__WORKING DATA__

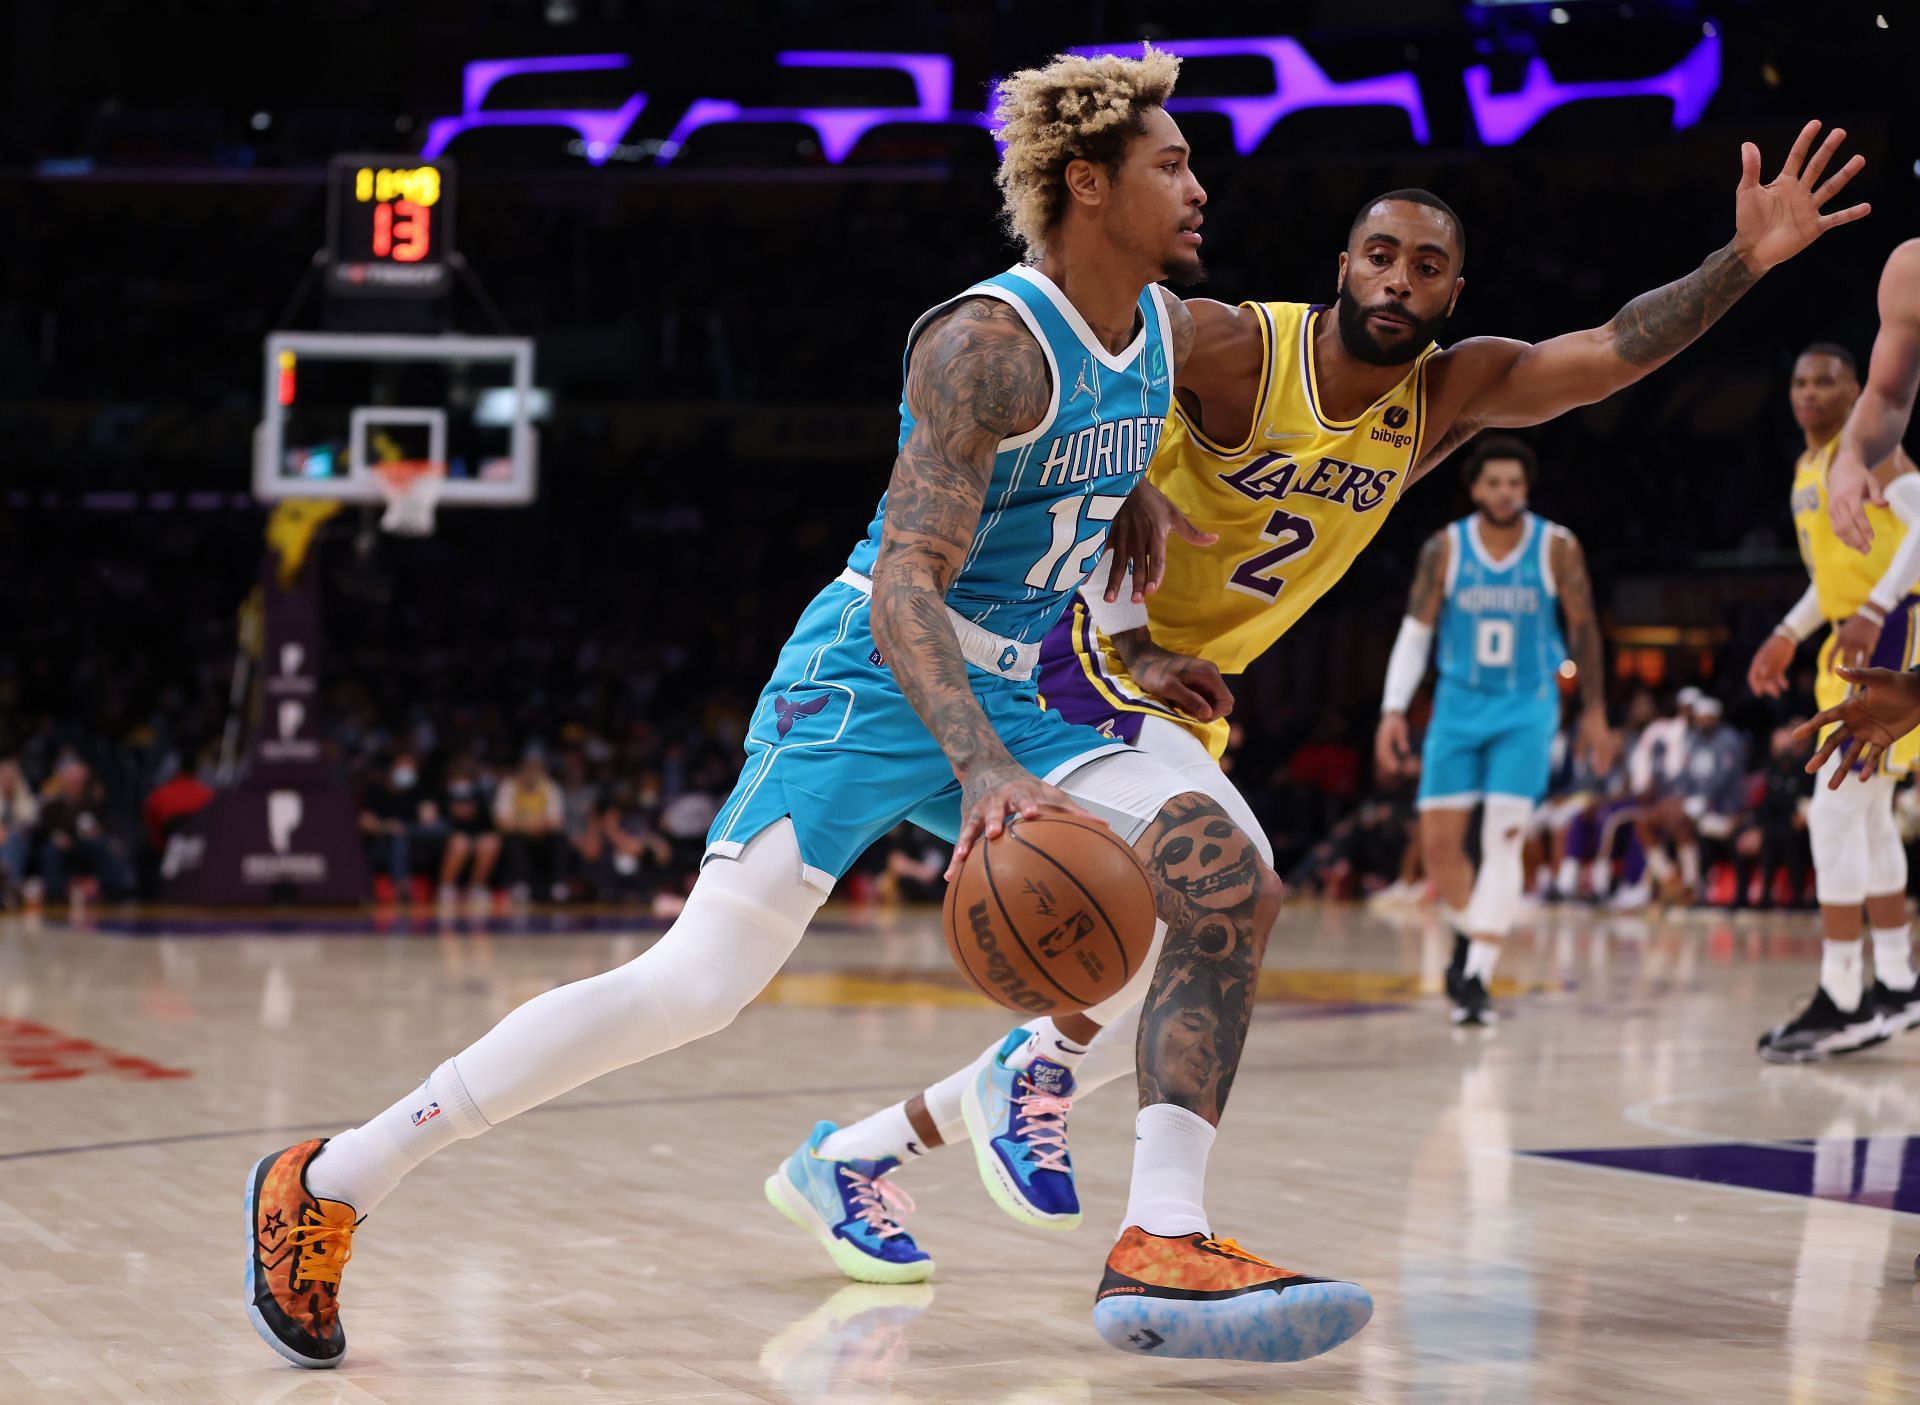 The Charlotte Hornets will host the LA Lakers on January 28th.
---
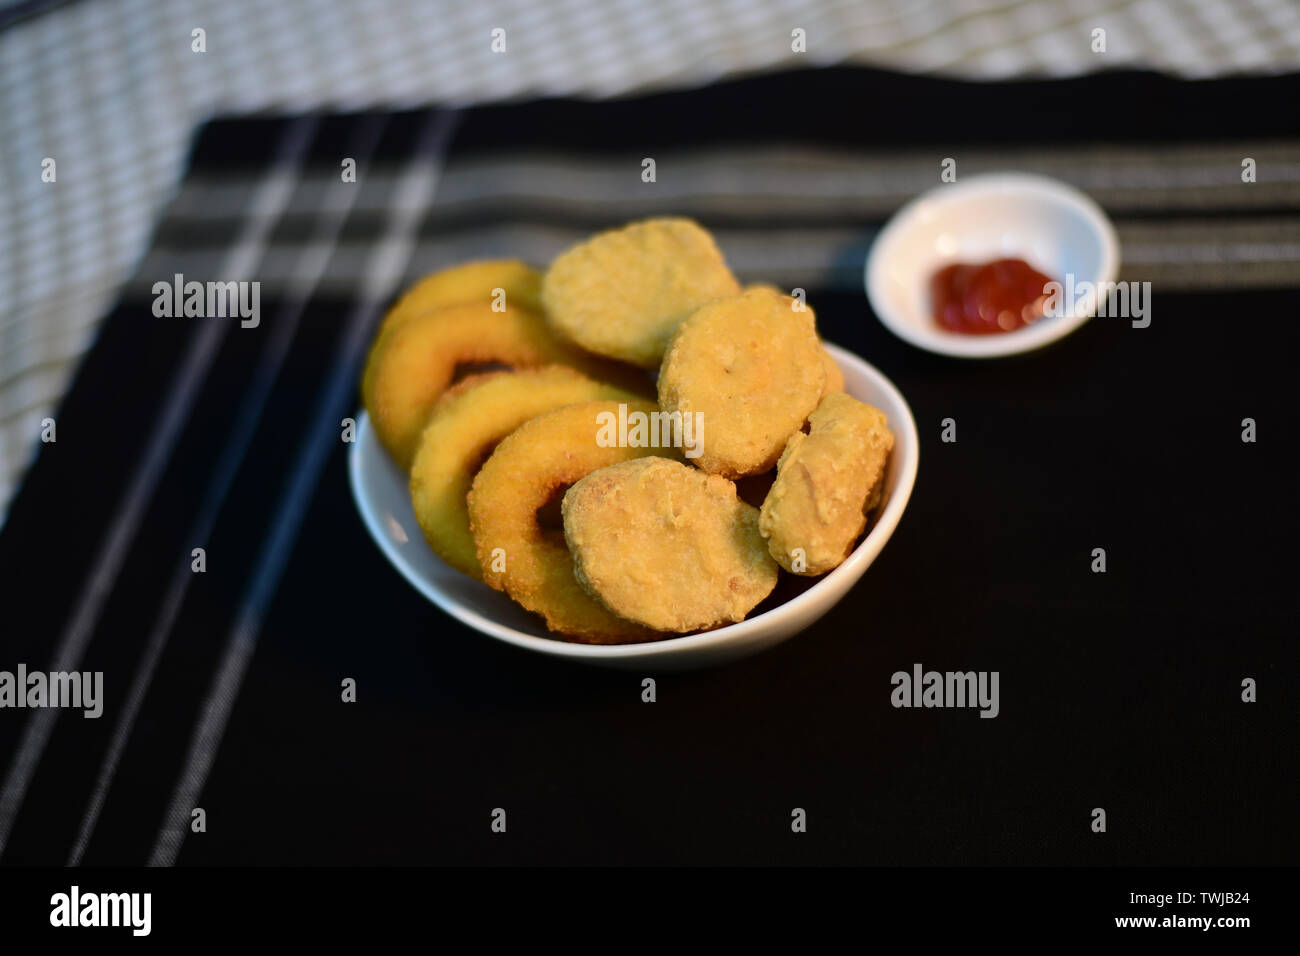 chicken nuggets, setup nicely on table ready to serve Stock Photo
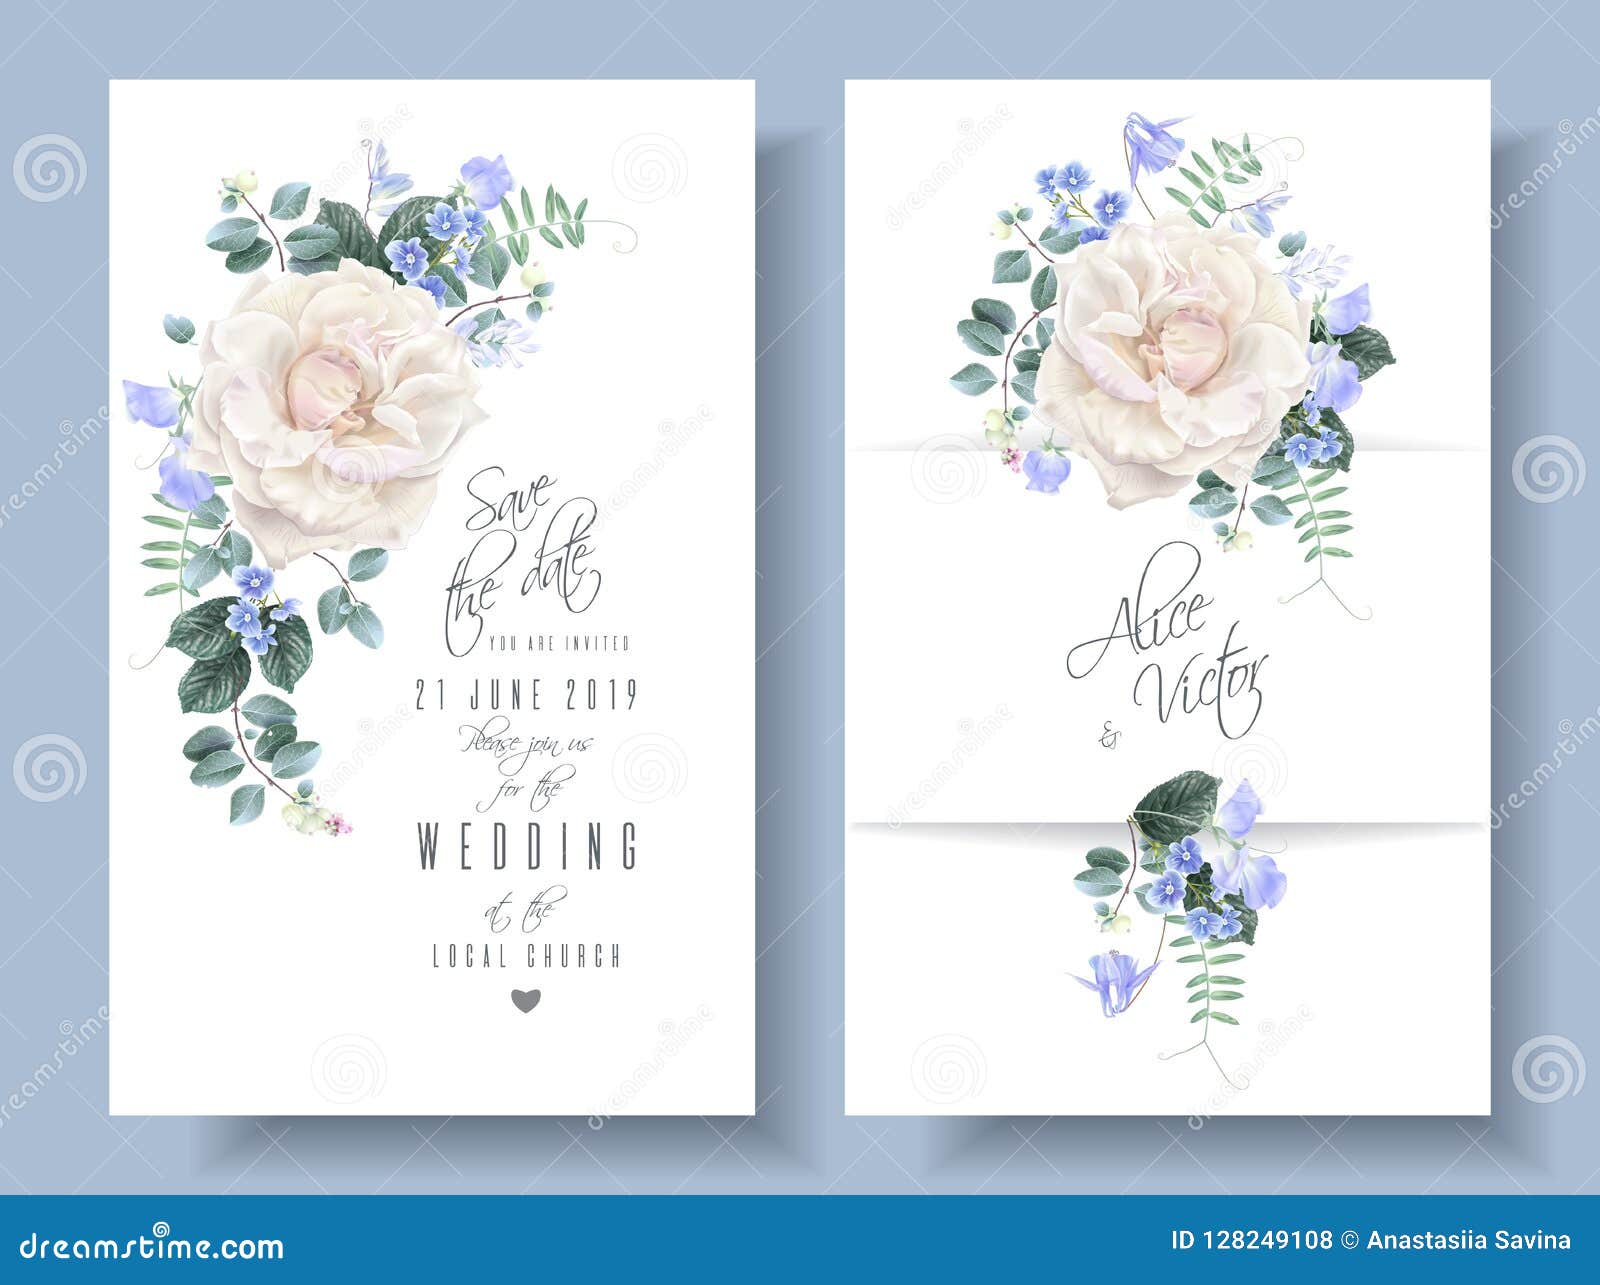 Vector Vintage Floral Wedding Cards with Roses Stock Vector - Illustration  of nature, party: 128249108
...
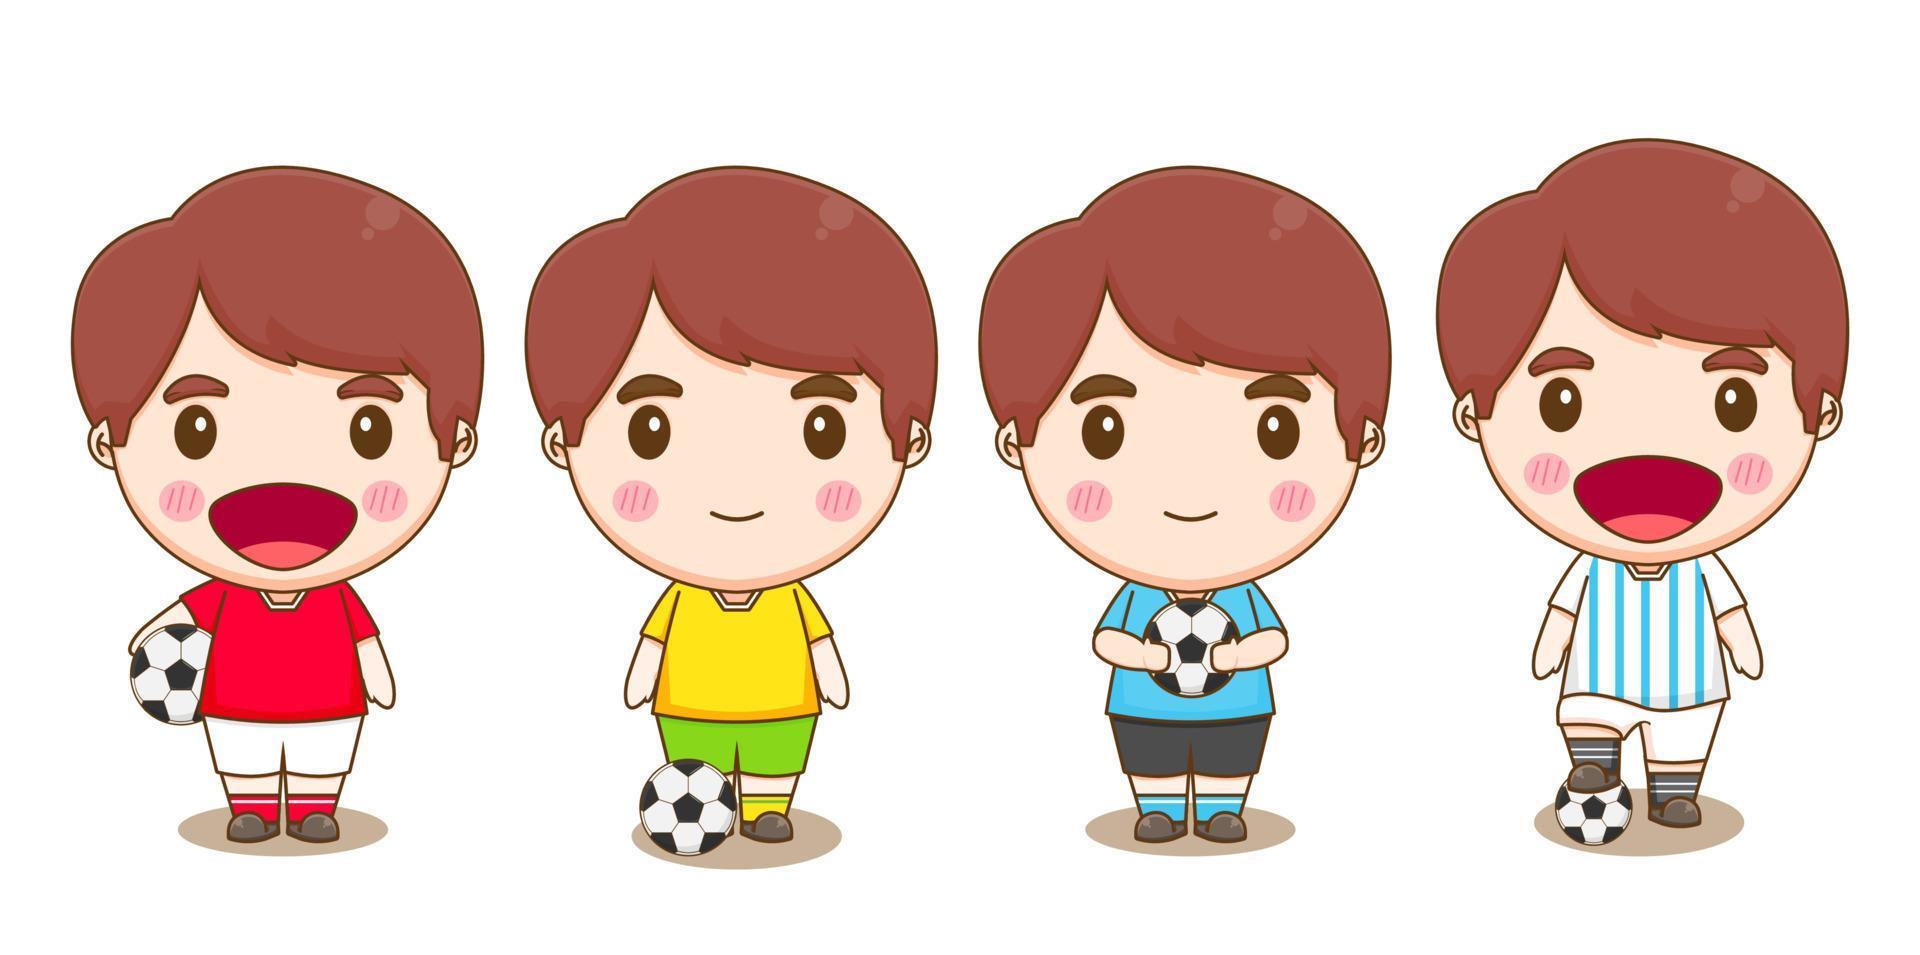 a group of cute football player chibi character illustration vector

__REQUIRED WORK__
Exact copy, no pictures. Write out the lines in the entries above, starting with the line with "chicken nuggets, setup" and going on through the line with "Vector Vintage Floral", keeping both.

__RESULT__
 chicken nuggets, setup nicely on table ready to serve Stock Photo
 Vector Vintage Floral Wedding Cards with Roses Stock Vector - Illustration  of nature, party: 128249108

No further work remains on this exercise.